- Royal Bank of Canada Global Asset Management is working on future proofing its portfolio of over $300 billion to protect its assets from the impact of climate change.
- IPCC, a United Nations body that advises the governments on climate science, has warned that a rise in global temperatures may result in more extreme weather patterns that could disrupt commercial activities worldwide.
- Asset managers are stepping up their efforts to monitor climate risks as investors are growing more concerned about how climate change will impact their money.
Future proofing any portfolio, especially one as large as the over-$300-billion one the asset management arm of the Royal Bank of Canada handles, is never easy. However, protecting its clients from the impact of a warming planet has required some structural changes to how it evaluates its investments.
The bank is intensifying its evaluation of its war chest through the lens of climate change, says Maia Becker, the director of corporate governance and responsible investment at RBC GAM, which provides financial services to high-net-worth investors and institutions around the world.
“We are looking at the broad transition impacts of climate change. So how does the transition to a low-carbon economy potentially positively or negatively impact a company?,” Becker told Karma. “We look at legislation. We look at shifts in technology. I think it’s going to be a much more comprehensive view of how a company and our portfolio and the firm gets exposed to climate risks and opportunities.”
The bank released a report about its more rigorous climate change review in April of this year.
The RBC GAM guide draws on the underlying data from the United Nations Intergovernmental Panel on Climate Change, which advises governments on climate science. The IPCC has modeled different scenarios for a world where the continued use of fossil fuels and carbon emissions leads to rising global temperatures and more extreme patterns such as floods or droughts. The IPCC has said that an increase in global temperatures above 1.5°C will result in catastrophic physical impacts that may require more investment in climate adaptation.
Becker’s team will oversee the work of looking at climate change risks across all industries where RBC GAM is invested to assess the long-term impact of different climate scenarios. The information will then be provided to the investment officers so they can make final decisions about the portfolio, which includes tailor-made investment strategies and multiple vehicles, including mutual and hedge funds.
The bank looks at granular details such as real estate investments in areas that may be more prone to flooding and wildfires or other weather events that will damage assets and increase insurance premiums.
In the energy sector, carbon pricing — a tax levied by governments in different countries such as Canada or Sweden on the production and consumption of fossil fuels — may make certain types of power more costly, says Becker.
“Power generation will largely be impacted by that and how that impacts their margins will depend on whether they can pass on those costs to their customers,” says Becker.
The report says greenhouse gas emitting sectors may face more litigation and liabilities related to climate change, while other energy assets located offshore may be affected by extreme weather patterns that disrupt business operations — all of this could negatively affect the value of an investor’s portfolio.

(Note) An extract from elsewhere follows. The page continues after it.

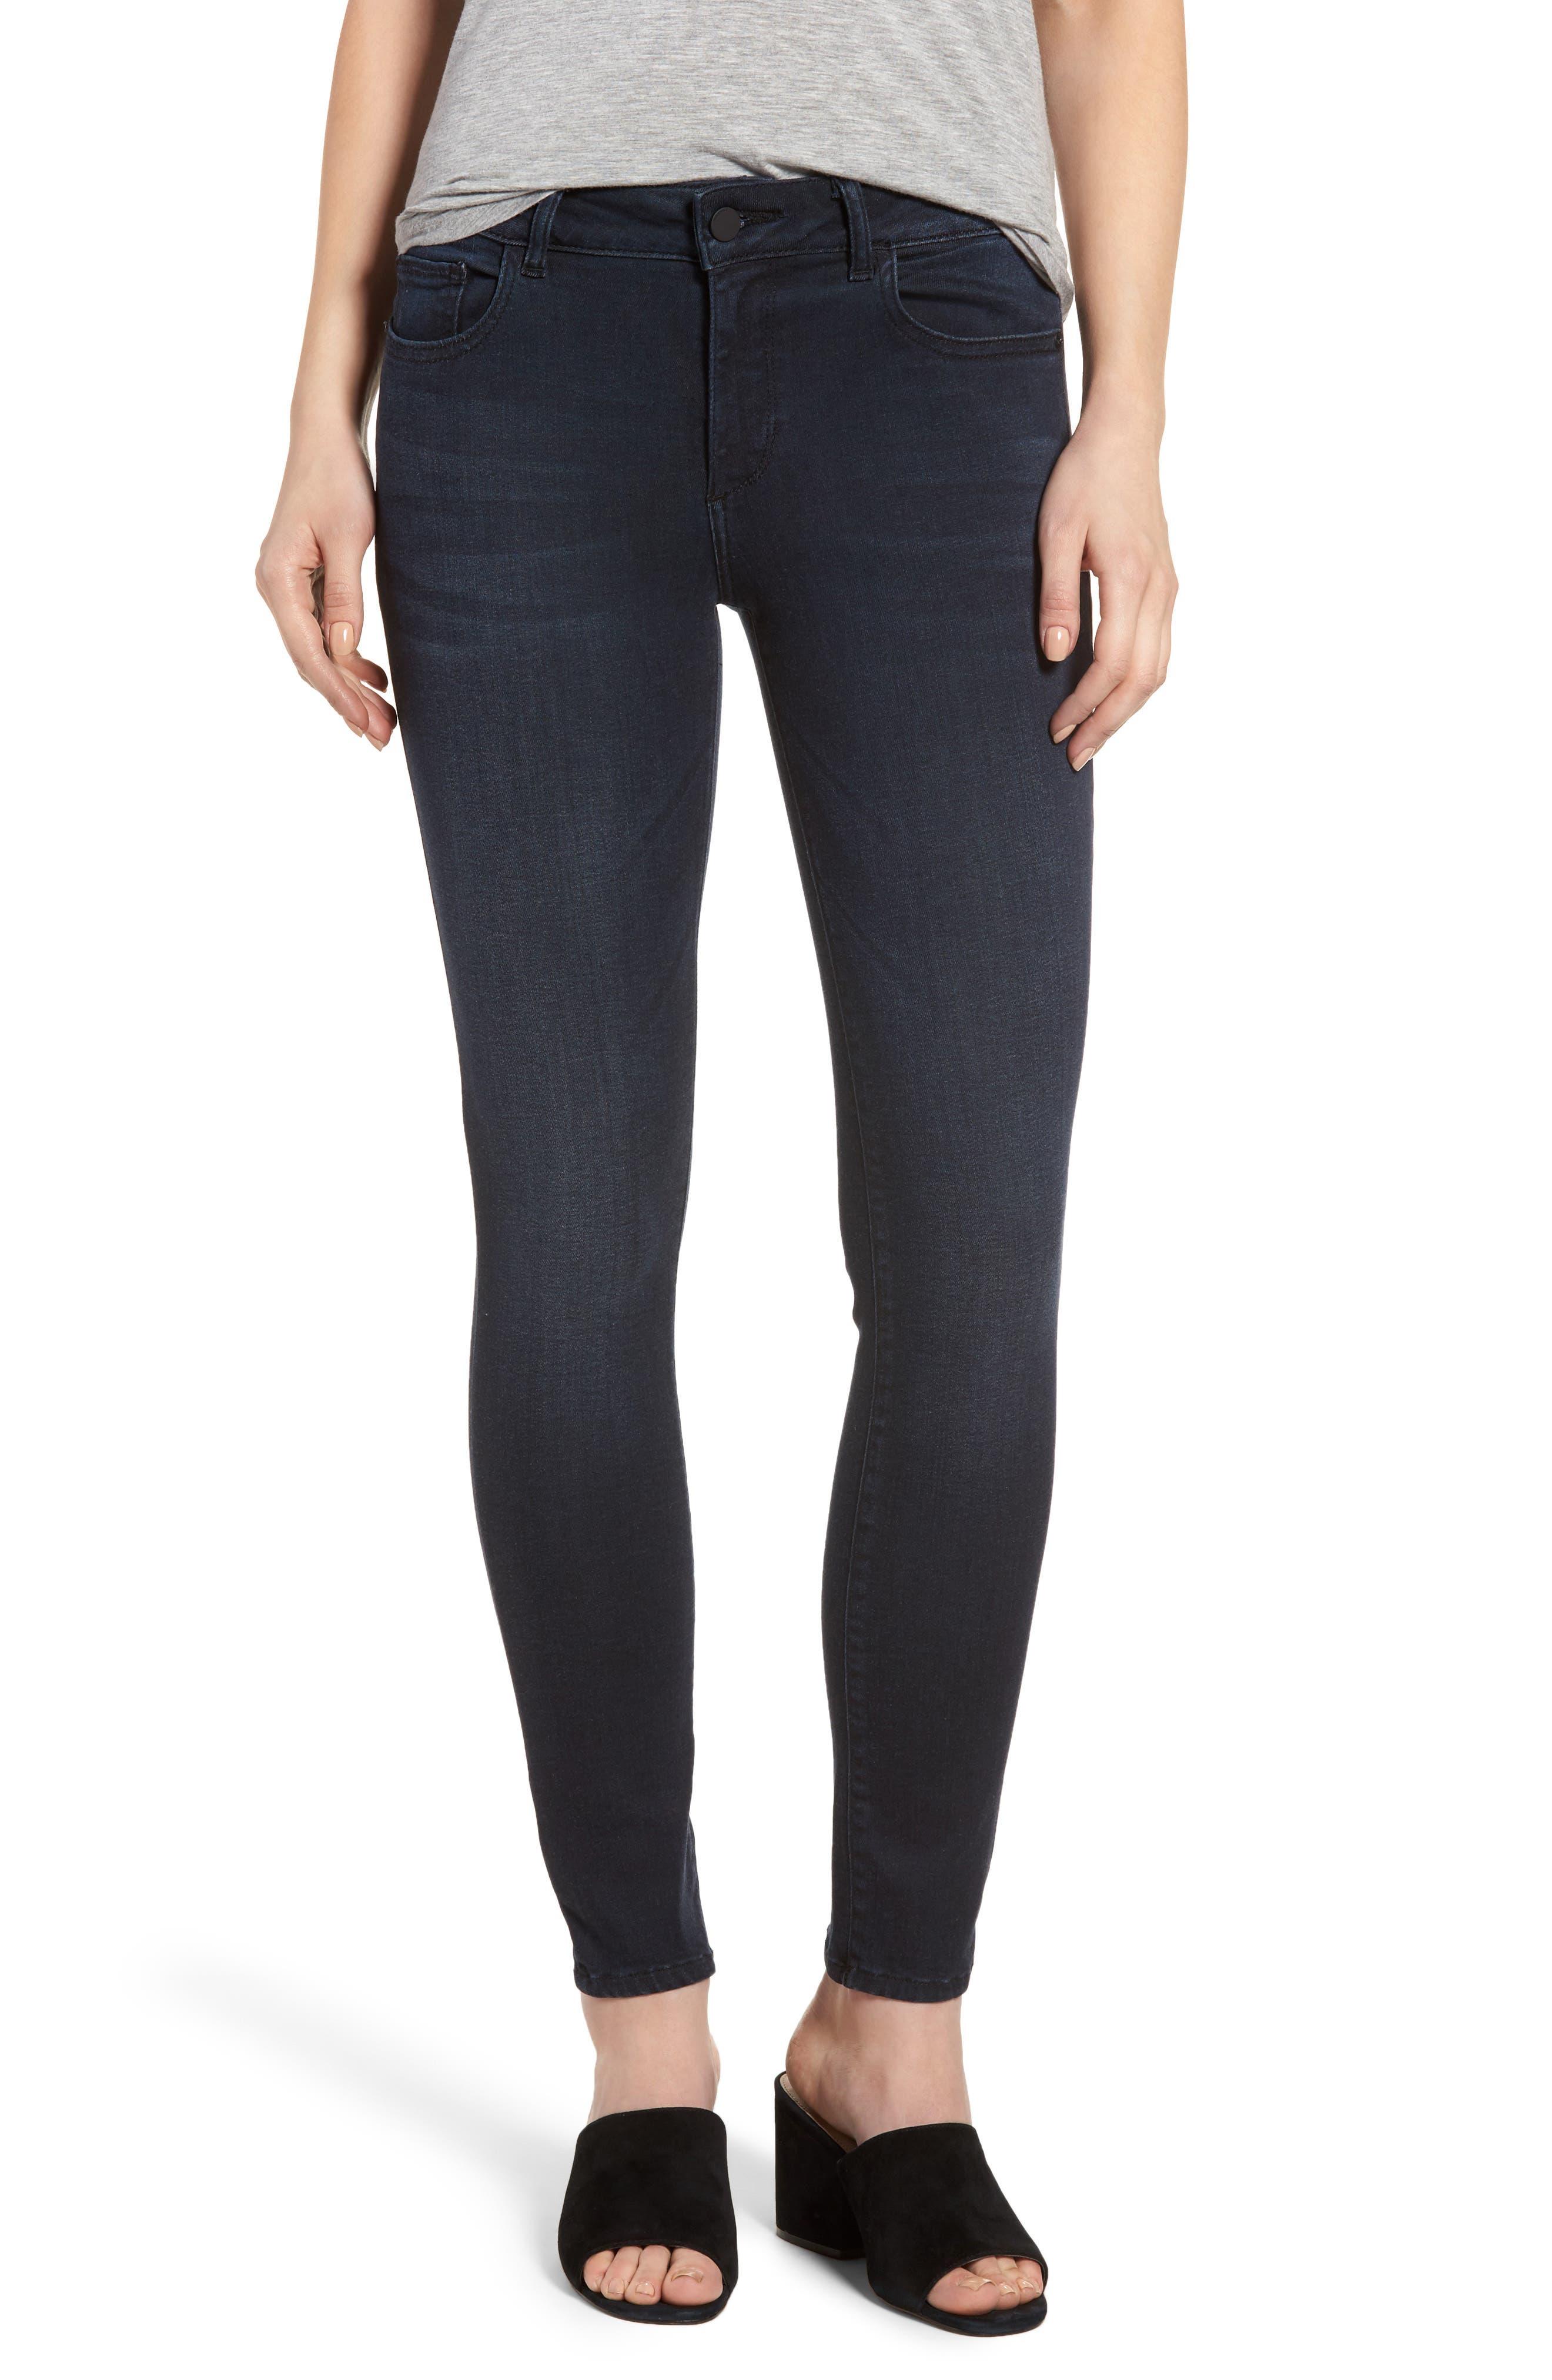 Emma Power Legging Skinny Jeans,                         Main,                         color, Macon
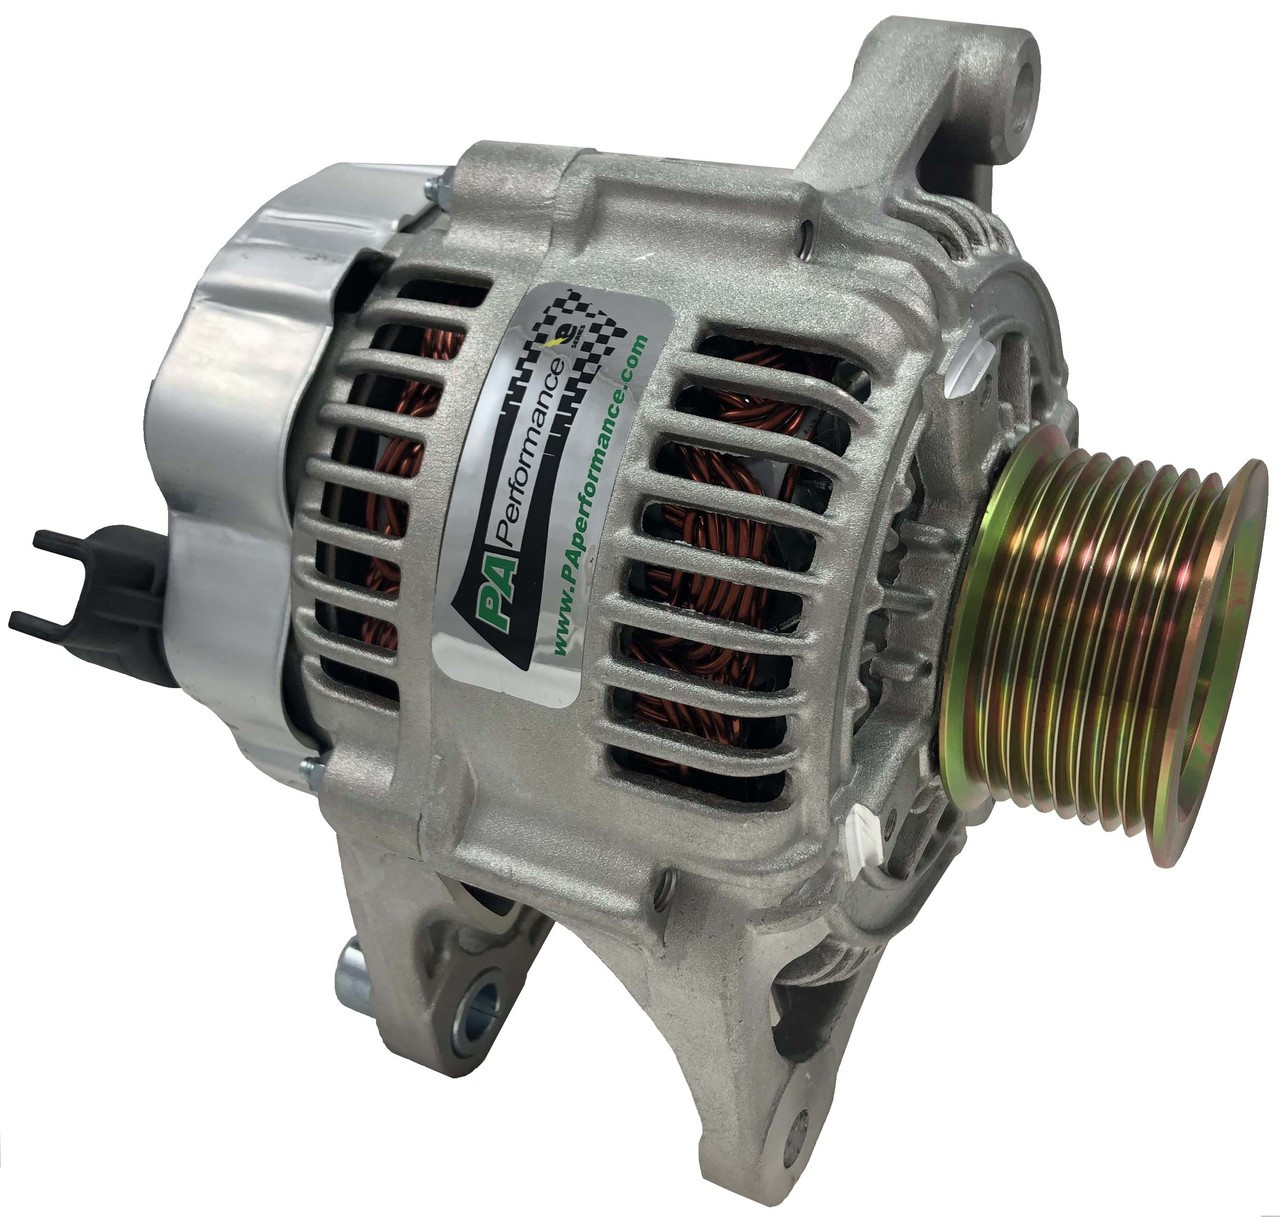 136a Denso Style Alternator 5 9 Cummins 1 Wire 2227se

The report also outlines opportunities such as shifting investments to fund the development of energy storage and renewables.
Becker’s team will be using methodologies such as those issued by the Financial Stability Board, a body set up by the G20 to advise on trends in the global financial system. Its task force prepared a guide on climate-related financial disclosures supported by organizations worldwide.
Asset managers are increasingly stepping up their ESG efforts, as investors are growing more concerned about how climate change will impact their money. RBC GAM joined Climate Action 100+, an activist shareholder investors group that pushes companies to transition to a low-carbon economy. The group is supported by 450 investors with about $40 trillion in assets under management.
More importantly, U.S. asset managers are also watching signs from the Securities and Exchange Commission that authorities are taking a closer look at how the industry measures ESG factors. The commission sent out a query to several asset managers asking them to disclose their standards and metrics in late 2019, according to sources familiar with the matter.
Becker says no industry will remain untouched as consumer habits are already changing in response to concerns about global warming. People are working from home, traveling less or eating less meat.
“We see a [consumer] shift away from some of the more carbon-intensive industries,” says Becker.